University of Utah, Department of Health, Kinesiology, and Recreation, United States; University of Utah, Department of Physical Therapy and Athletic Training, United States.
Auburn University, School of Kinesiology, United States; Auburn University, Center for Neuroscience, United States.
Biol Psychol. 2020 Jan;149:107775. doi: 10.1016/j.biopsycho.2019.107775. Epub 2019 Sep 26.

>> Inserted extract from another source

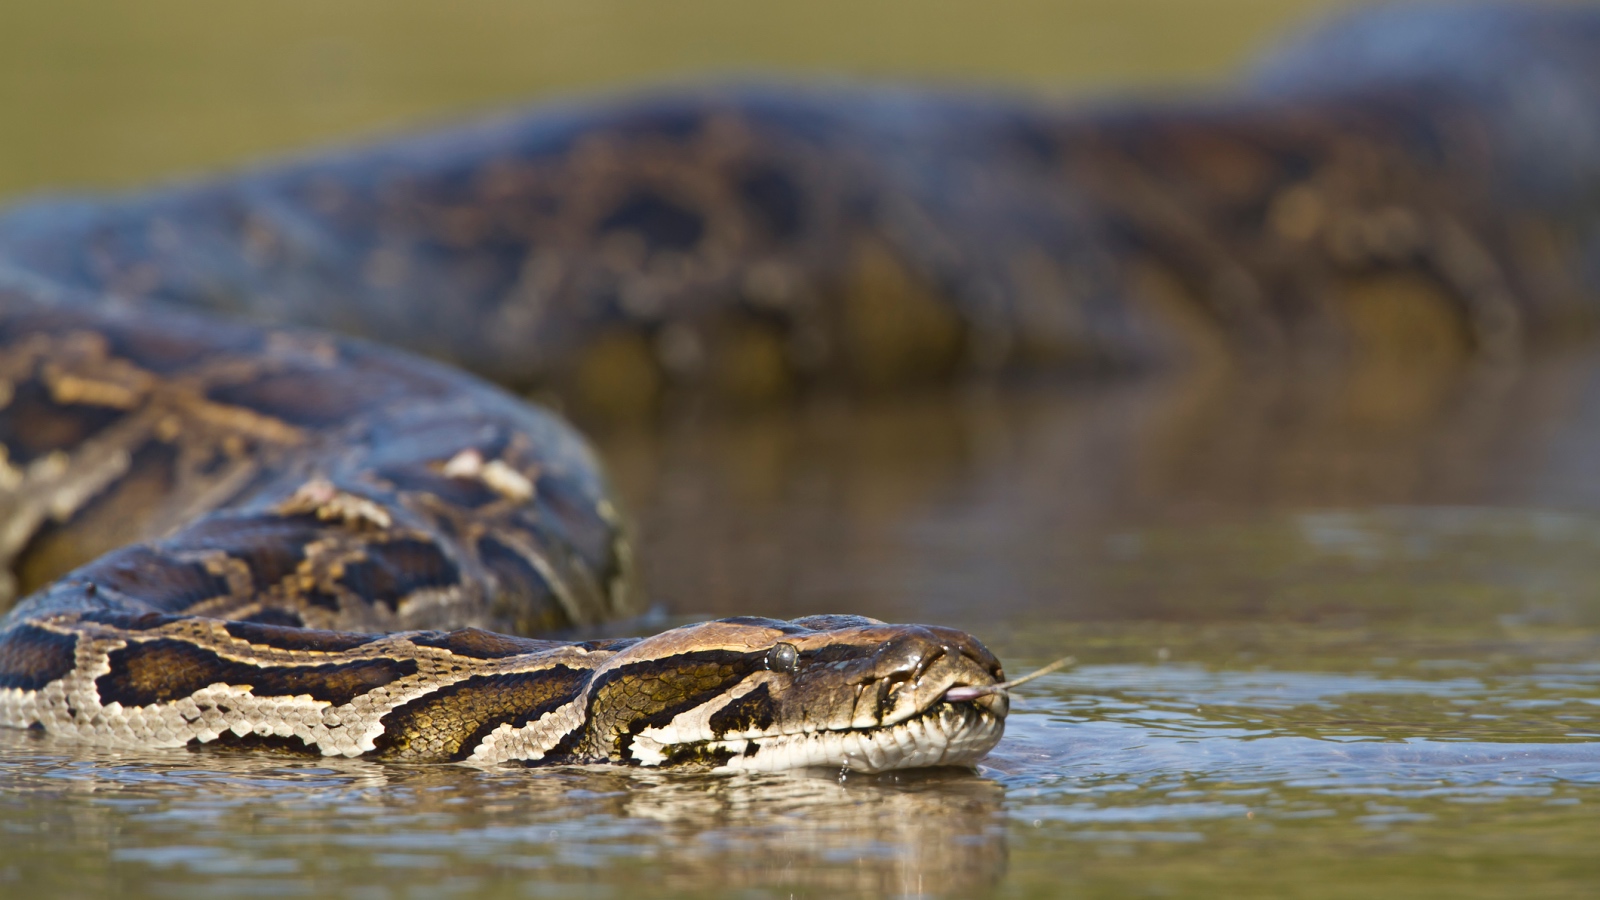 Burmese python swimming in the water

Reward positivity (RewP) is an EEG component reflecting reward-prediction errors. Using multilevel models, we measured single-trial RewP amplitude from trial-to-trial, while reward and prediction varied during learning. Sixty participants completed a category-learning task in either engaging or sterile conditions with the RewP time-locked to feedback. Sequential analysis of single-trial RewP showed its relationship to current and previous accuracy, and the probability of changing one's response to subsequent stimuli. Simulations show these effects can be explained in detail by the dynamics of participants' expectations according to principles of reinforcement learning. The single-trial RewP findings were consistent with previous literature linking RewP to reward-prediction error under reinforcement-learning theory. In contrast, the aggregate RewP was unrelated to the engagement manipulation or to delayed retention performance. Thus the present results provide a detailed computational account how RewP relates to acute adaptation, but suggest RewP plays little role in long-term learning.
奖励正波(RewP)是反映奖励预测误差的一种 EEG 成分。我们使用多层模型,在学习过程中随着奖励和预测的变化,从一次试验到另一次试验测量单次试验 RewP 幅度。60 名参与者在参与或无菌条件下完成了一项类别学习任务,RewP 与反馈时间锁定。对单次试验 RewP 的序列分析表明,它与当前和以前的准确性以及对后续刺激改变反应的可能性有关。模拟表明,根据强化学习的原则,参与者的期望动态可以详细解释这些影响。单次试验 RewP 的发现与强化学习理论下 RewP 与奖励预测误差相关的先前文献一致。相比之下,总体 RewP 与参与操作或延迟保留表现无关。因此,目前的结果提供了一个详细的计算说明,说明 RewP 如何与急性适应相关,但表明 RewP 在长期学习中作用不大。